Return the data below unaltered, but strip out the pictures.

=== DATASET CONTENT ===
○ ○ ○
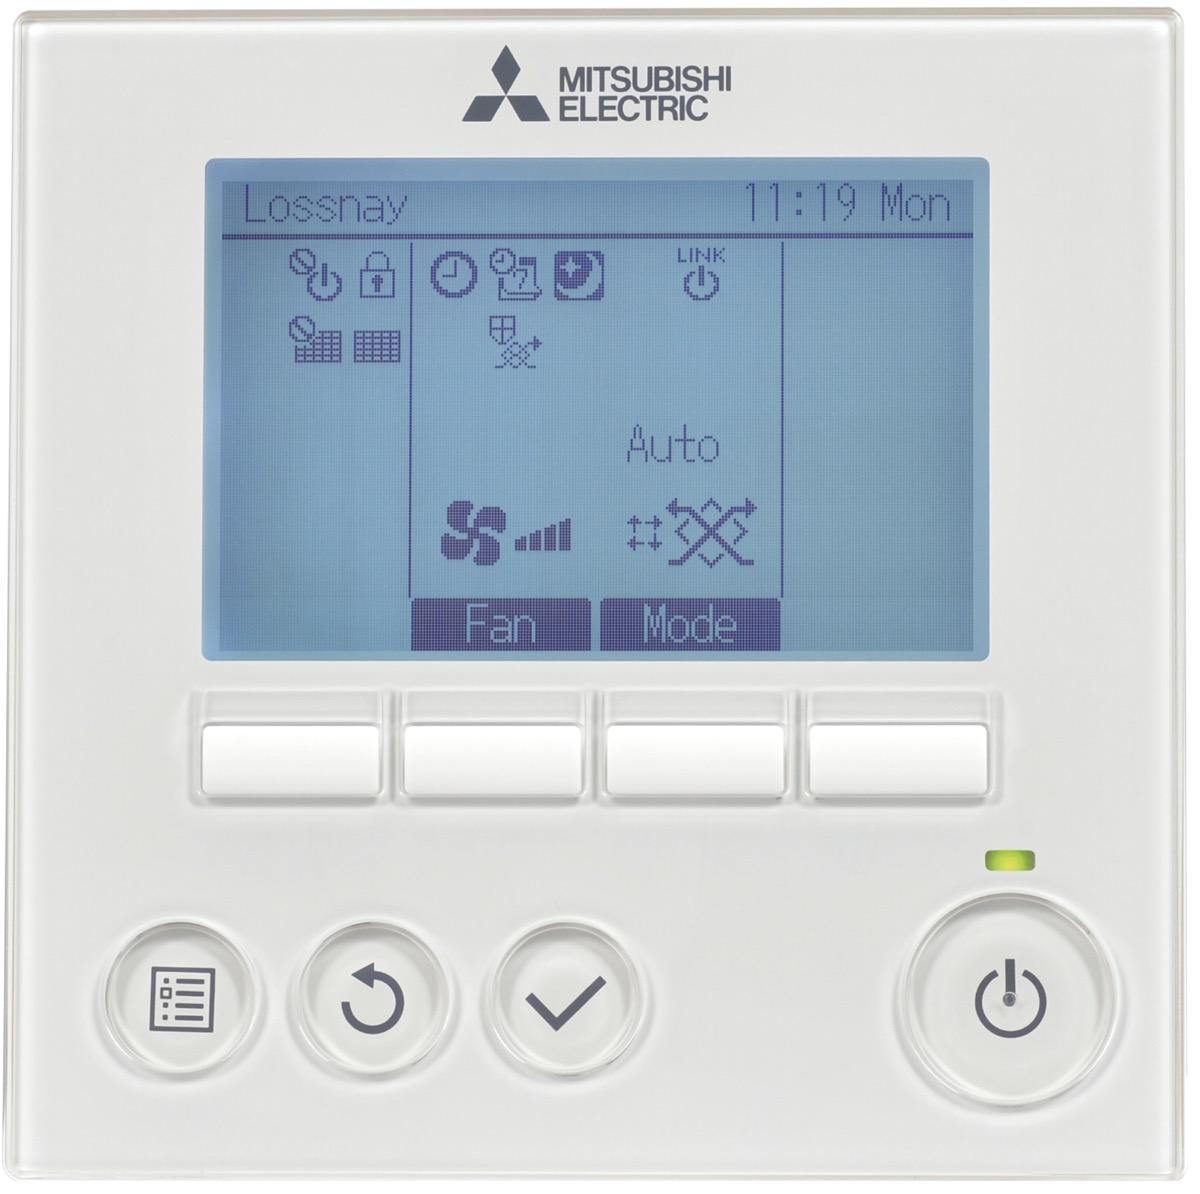 Mitsubishi Electric Air Conditioning Controls
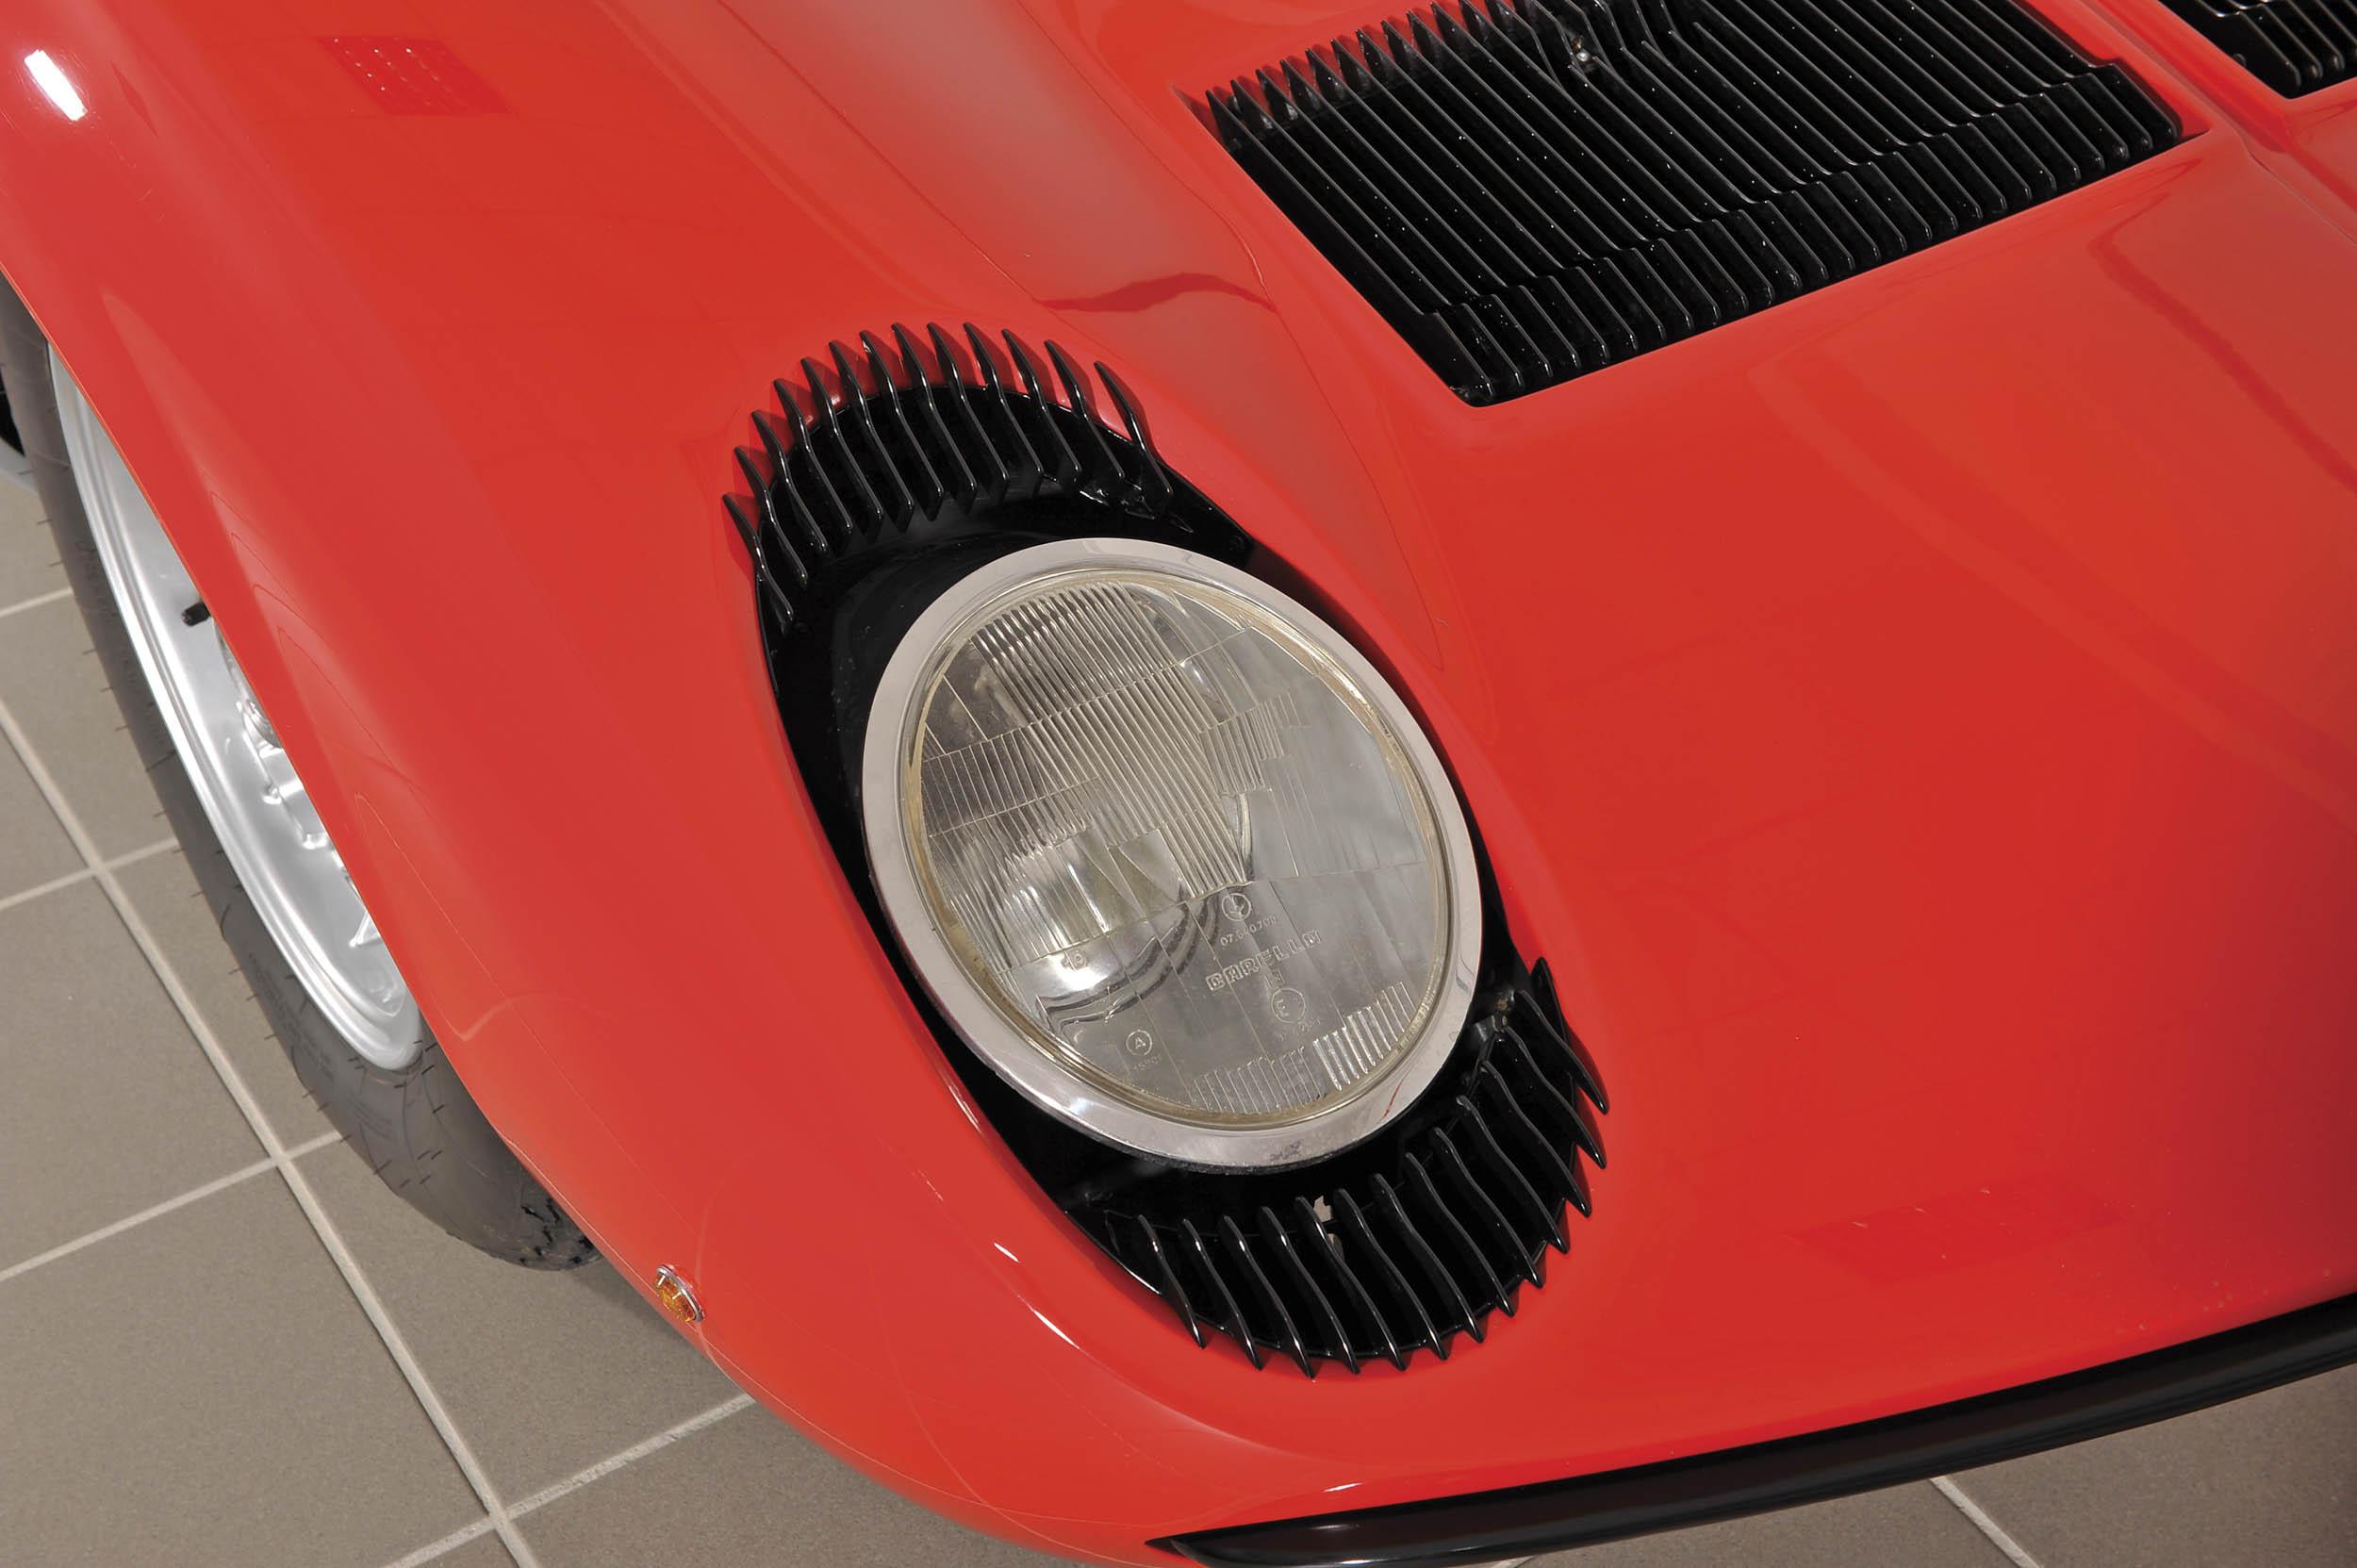 1967 Lamborghini Miura P400 headlight detail
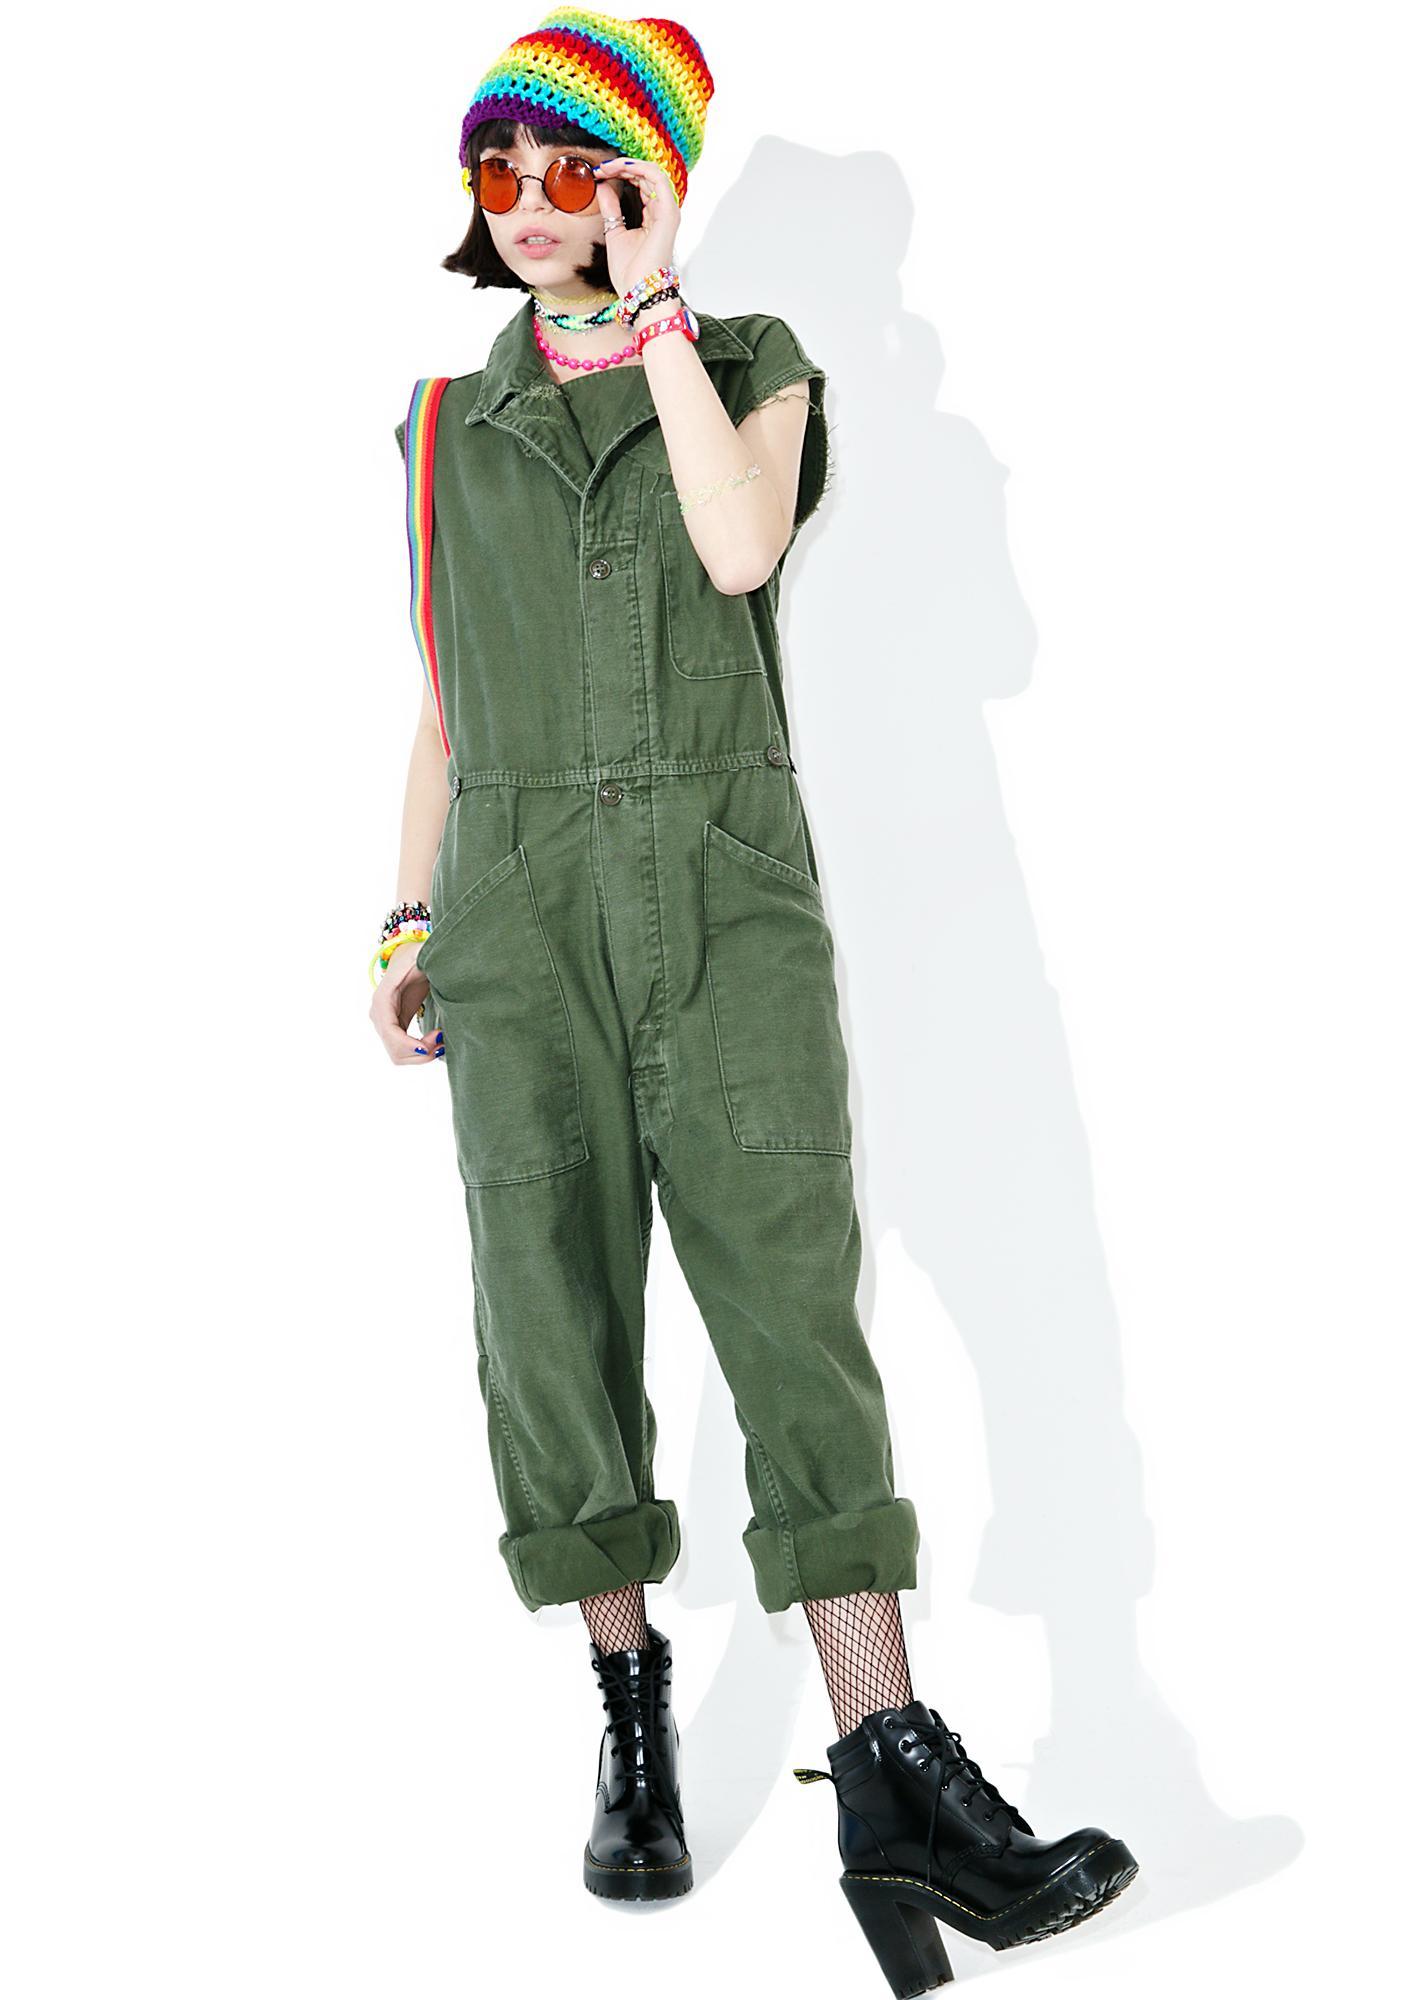 Vintage Army Surplus Sleeveless Flightsuit
○ ○ ○
=== COMPLETED TASK ===
 Mitsubishi Electric Air Conditioning Controls
 1967 Lamborghini Miura P400 headlight detail
 Vintage Army Surplus Sleeveless Flightsuit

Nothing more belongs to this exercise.